Actors in Classical Cryptography
- Alice: Message/Secret sender
- Bob: Message/Secret receiver
- Eve: Eavesdropper (wants to listen/intercept)
Terms in Classical Cryptography
- Plaintext (message) m: Original message
- Ciphertext c: Encrypted message
- Key k: Secret information
- Encryption function E(k, m): Converts a plaintext message into a ciphertext
- Decryption function D(k, c): Converts a ciphertext back into its plaintext
Types of Ciphers
- Symmetric (secret key) cryptography: Uses the same key for encryption and decryption
- Asymmetric (public key) cryptography: Uses different keys for encryption and decryption
- Block cipher: Processes data in blocks of, e.g., multiple bytes
- Stream cipher: Processes data character by character (or bit by bit)
Security Assumptions
- Perfect security does not exist in practice
- Some people always need to have access (inherent risk)
- Human factor is a risk in addition to technical aspects
- Any system is only as strong as its weakest link
- Threat model: Security only against certain attacks → How powerful is the attacker?
Kerckhoffs' Principle
- The security of a cipher only depends on the secrecy of the key
- Must not rely on the cipher/algorithm being secret
- Modern ciphers/algorithms are public
The Vernam Cipher
- Also called one-time pad (OTP)
- Provably secure if message m and key k have exactly the same length
- Key never reused
- Key bit string is uniformly distributed
- Ciphertext does not reveal anything about plaintext since all plaintexts are equally likely under a random key
Overview of Classical Ciphers
- Susceptible to various kinds of attacks
- No longer secure (do not use them)
- Examples of classical ciphers include Caesar cipher, Vigenère cipher, and Enigma
Caesar Cipher
- General idea: Shifting the alphabet by a constant offset (with rollover)

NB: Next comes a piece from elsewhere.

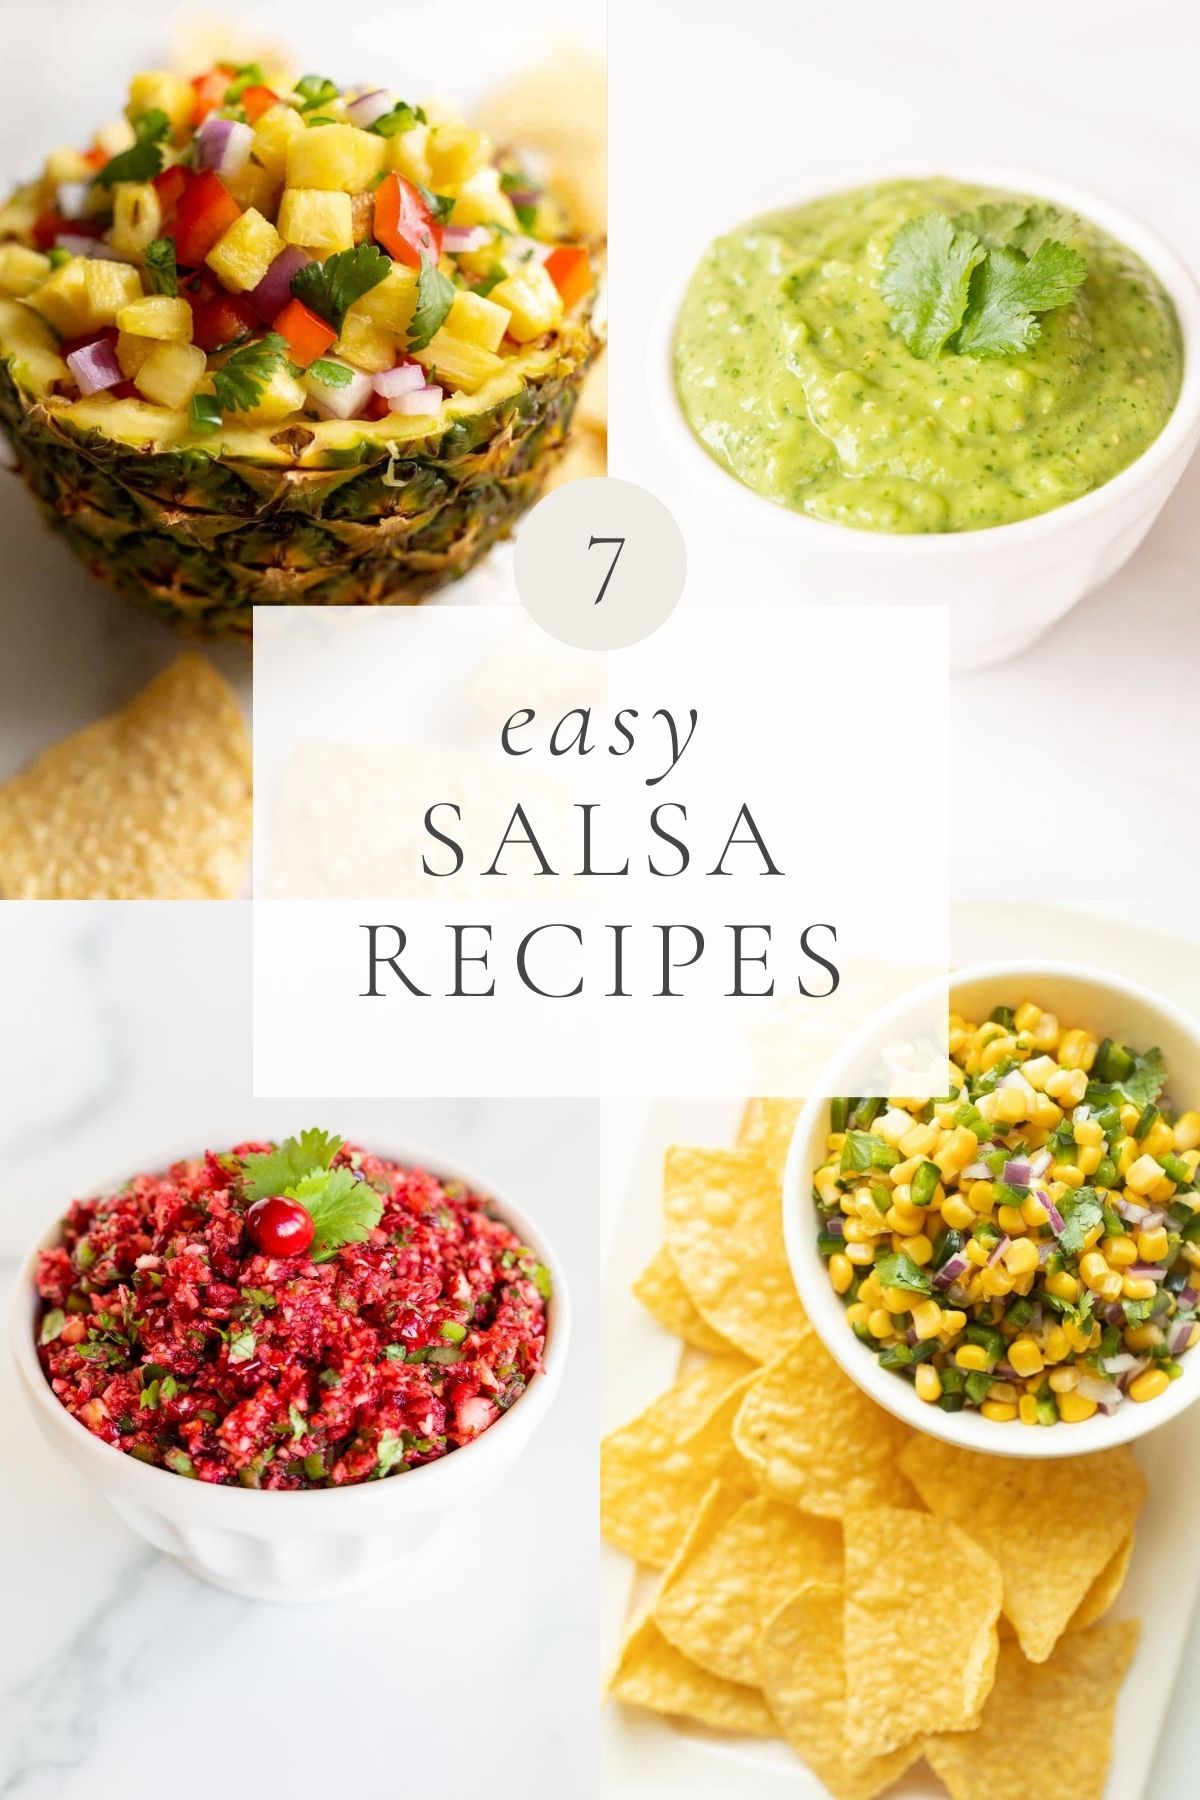 a graphic featuring salsa in various settings, with a title reading "7 easy salsa recipes"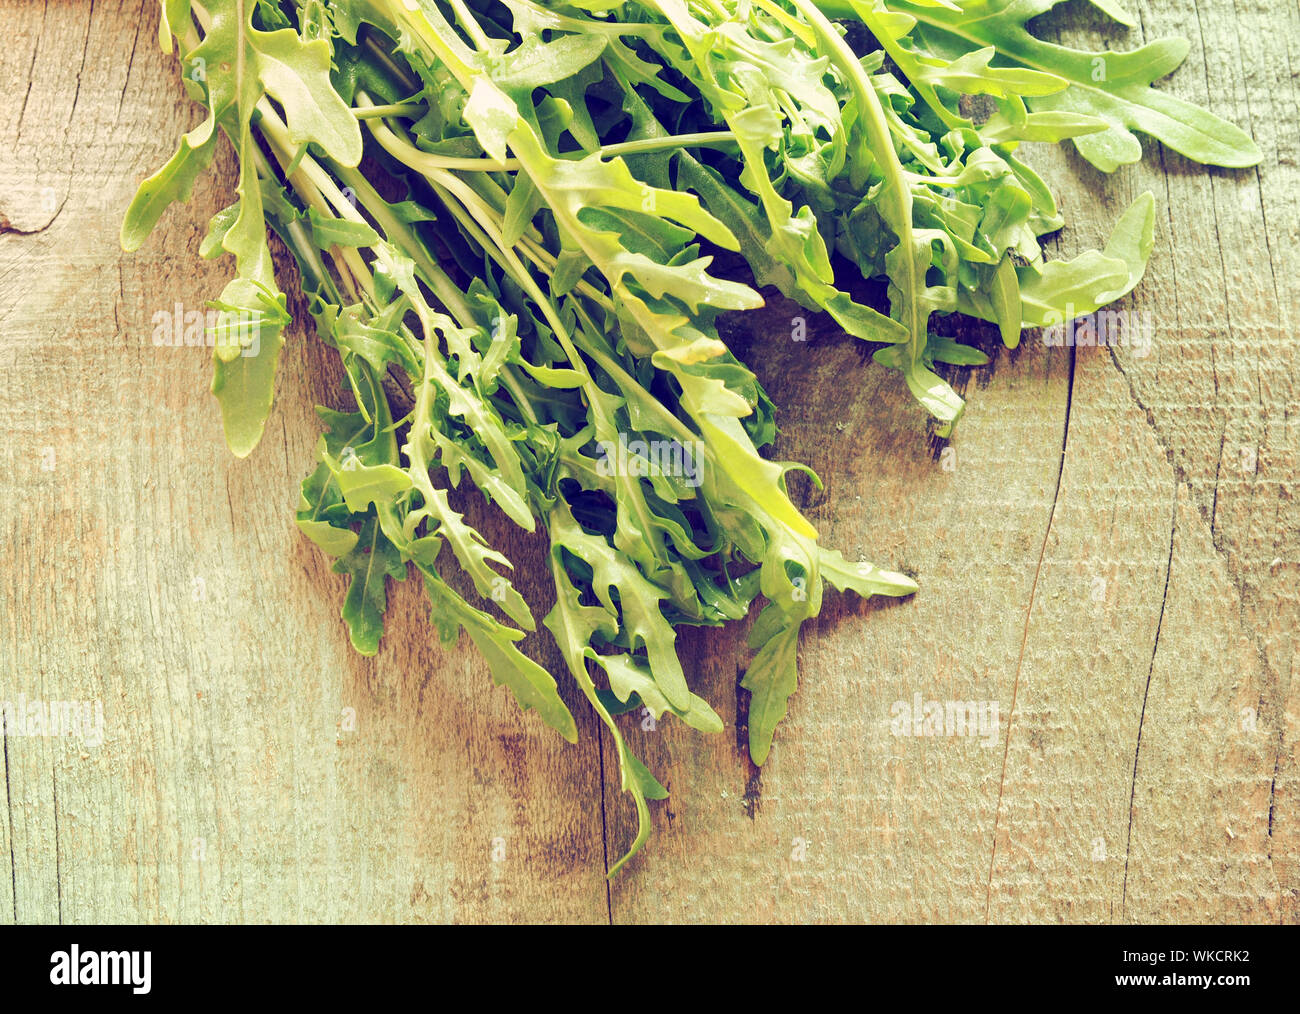 Close-up Of Arugula On Wooden Table Stock Photo

- Offset is the (cipher) key
- Poly-alphabetic substitution cipher
Vigenère Cipher
- General idea: Shifting the alphabet by a position-dependent offset (with rollover), repeated in regular intervals if necessary
- For individual characters: Caesar cipher with position-dependent key
- Poly-alphabetic substitution cipher
- Key length determines how many different shifts/position-dependent keys exist
Enigma
- Complex substitution cipher with multiple variants
- Machine-assisted encryption and decryption with code books
Overview of Cryptanalysis
- Dictionary definition: “the solving of [ciphers] or cryptographic systems”
- Old threat model: The cipher/algorithm is not known
- Modern threat model: The cipher is known
- Recap: Security only against certain attacks → How powerful is the attacker?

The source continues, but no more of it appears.